### [Data block]

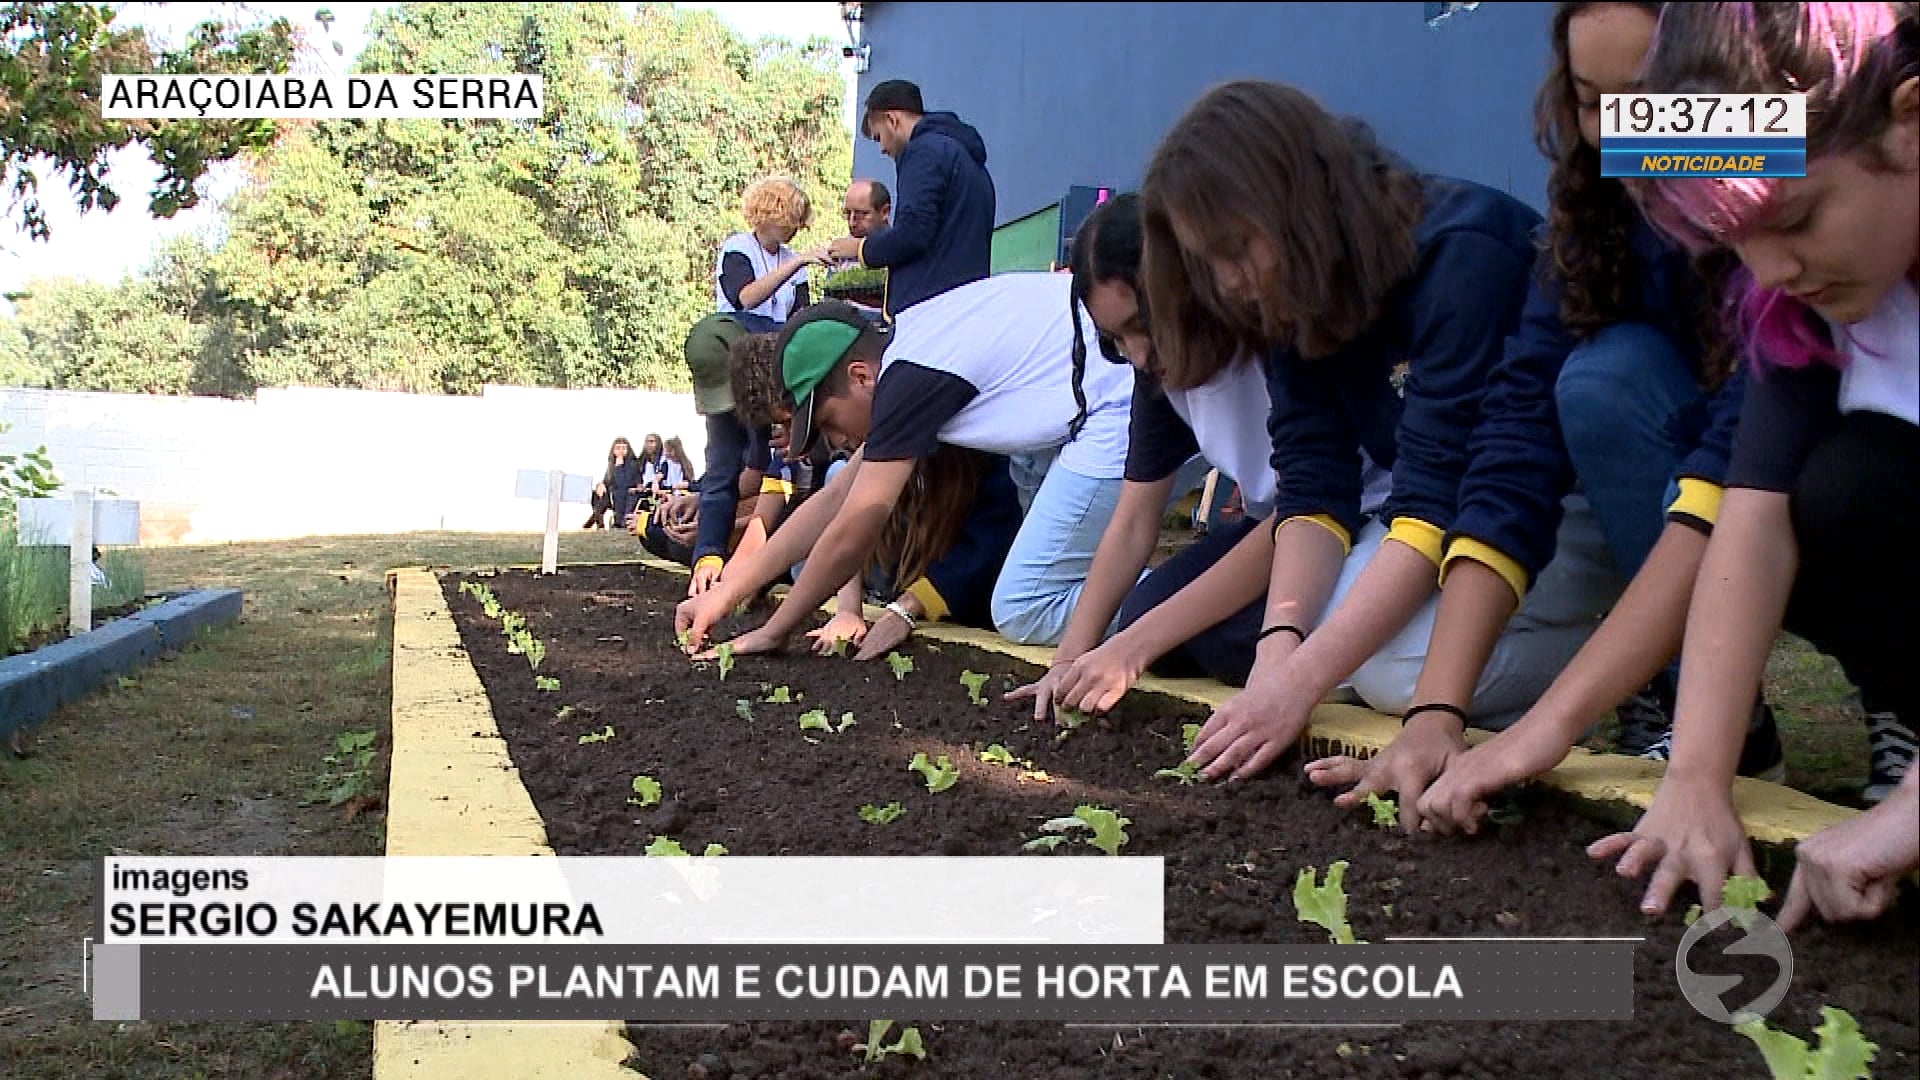 alunos-plantam-e-cuidam-de-horta-em-escola-de-aracoiaba-da-serra
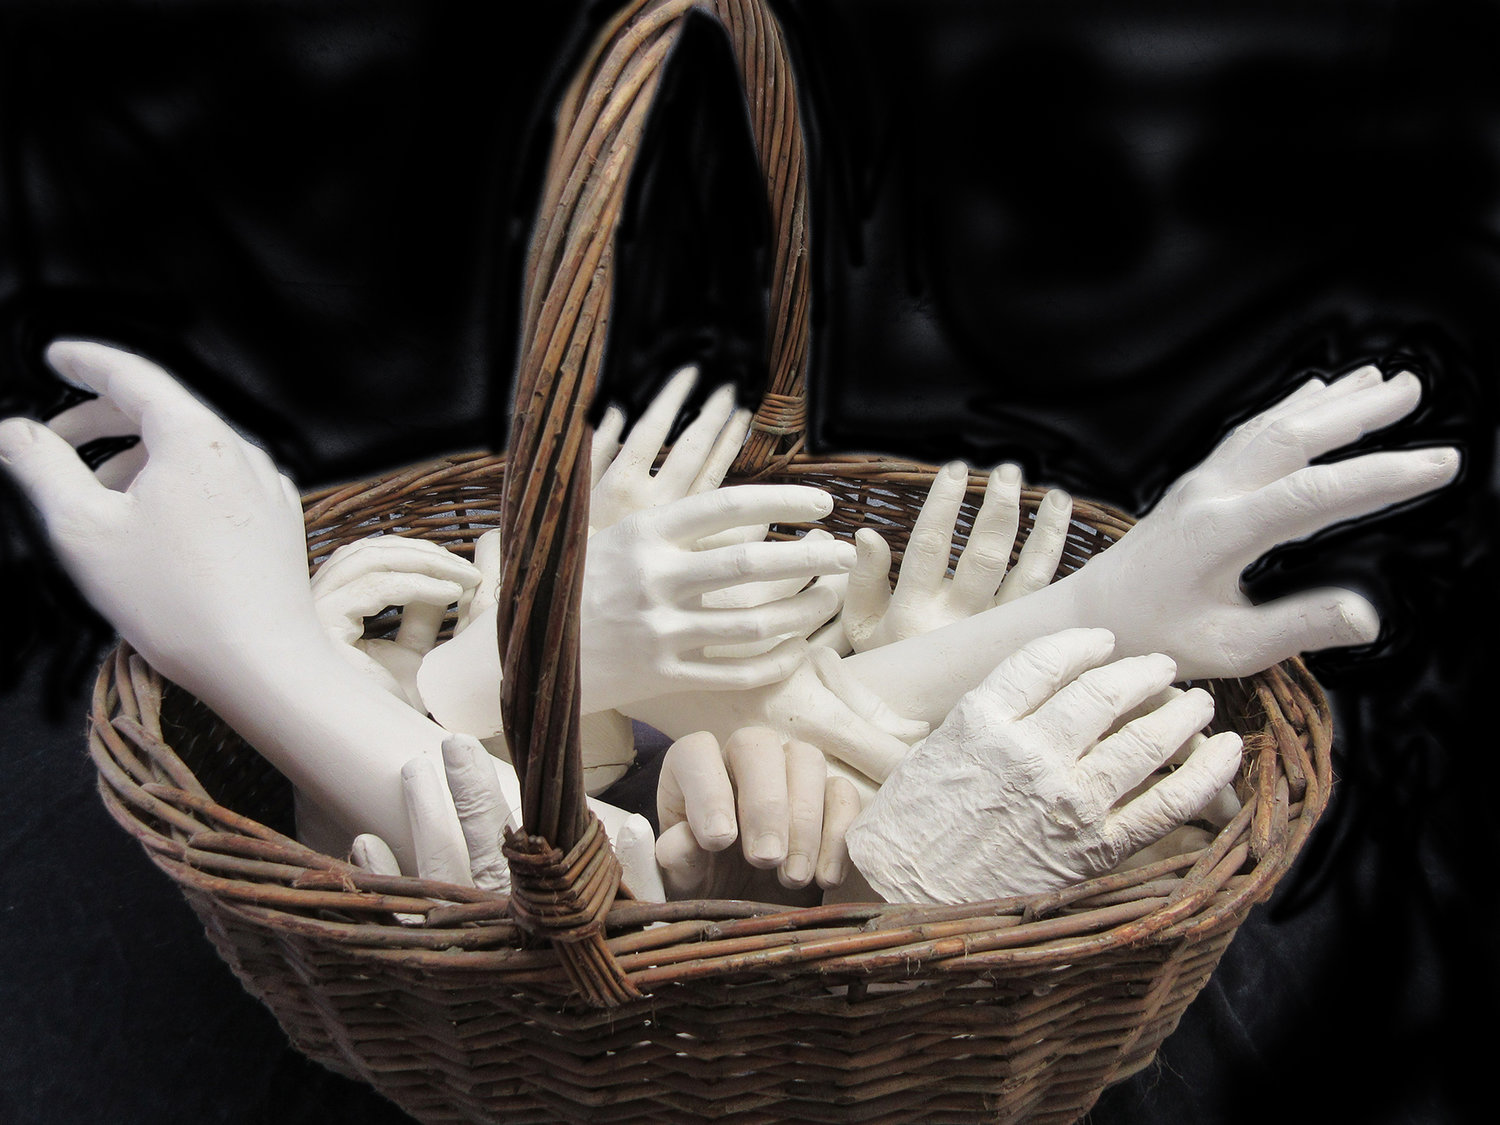 “Basket of Hands” by Pauline Glykokokalos.
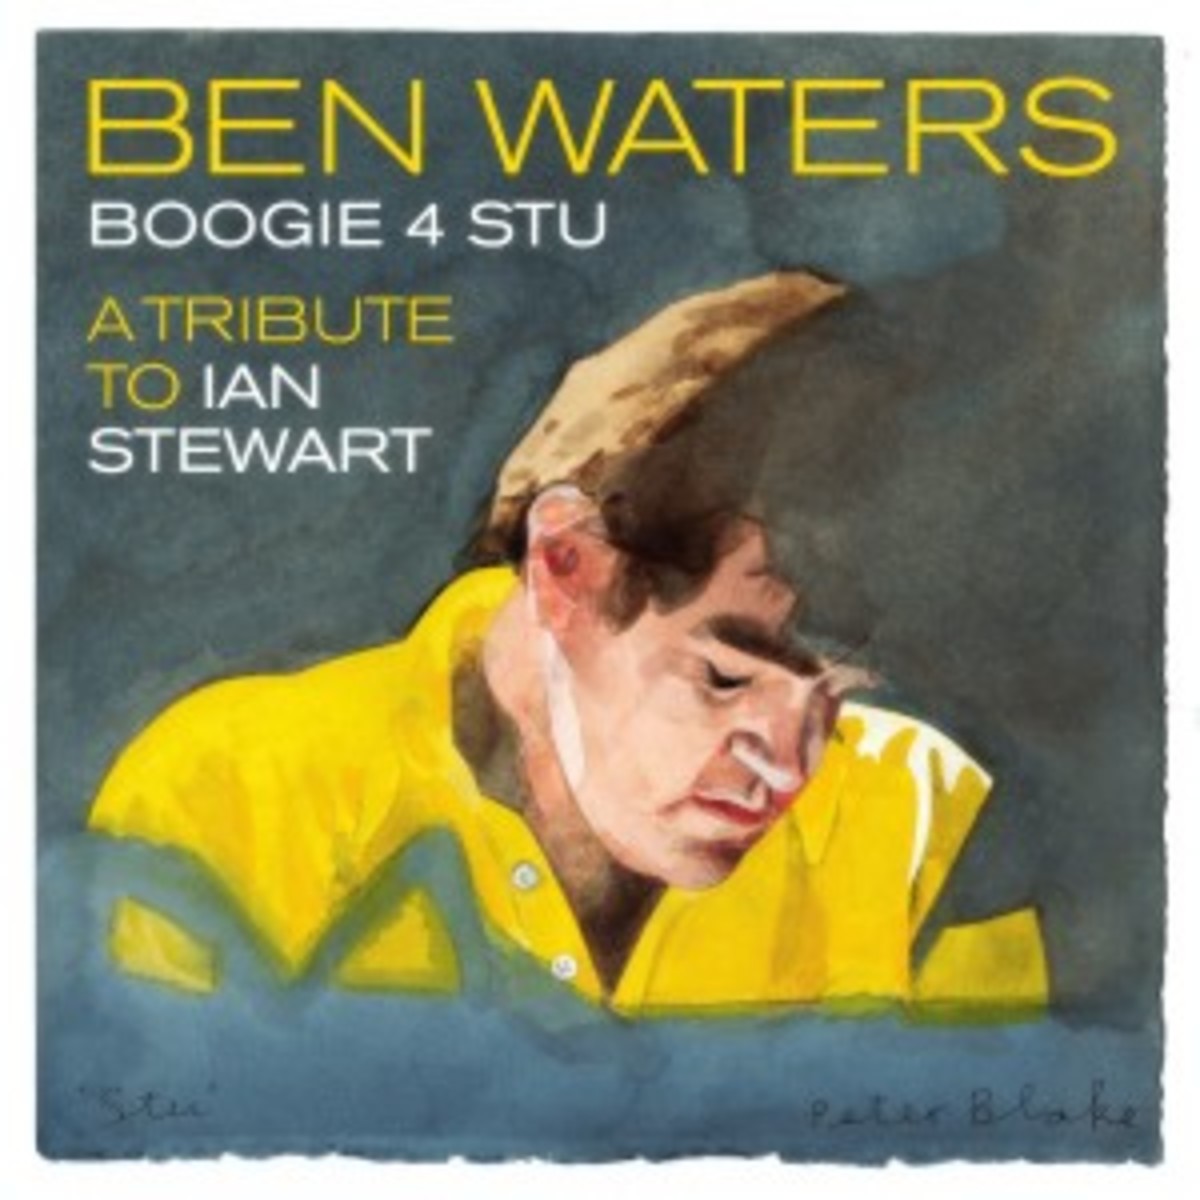 Ben Waters Boogie 4 Stu a Tribute to Ian Stewart
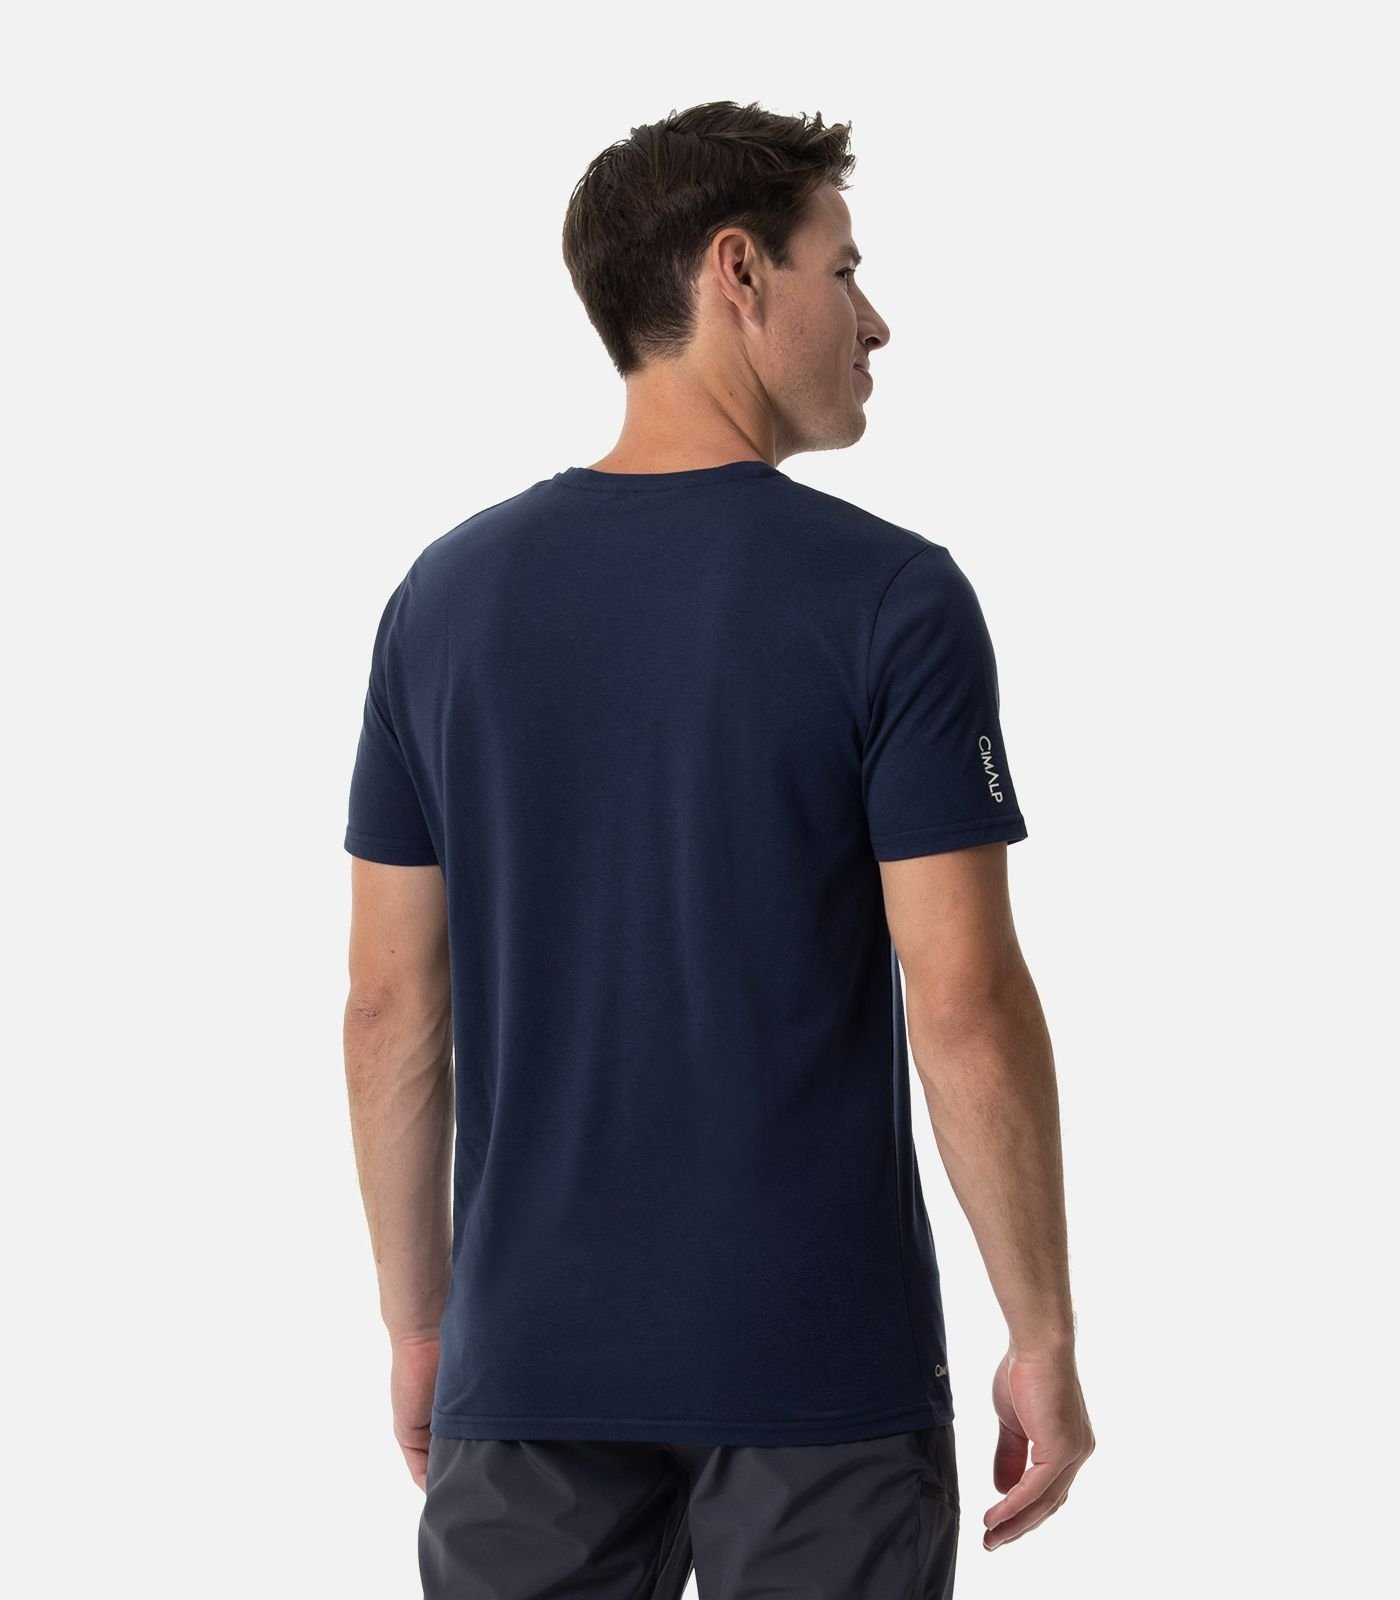 Tee-shirt léger coton/polyester

### [Activity]
Transcribe word for word only the lines from the one with "by Pauline Glykokokalos." through the end of the listing; every picture is to be omitted.

### [Exercise solution]
 “Basket of Hands” by Pauline Glykokokalos.
 Ben Waters Boogie 4 Stu a Tribute to Ian Stewart
 Tee-shirt léger coton/polyester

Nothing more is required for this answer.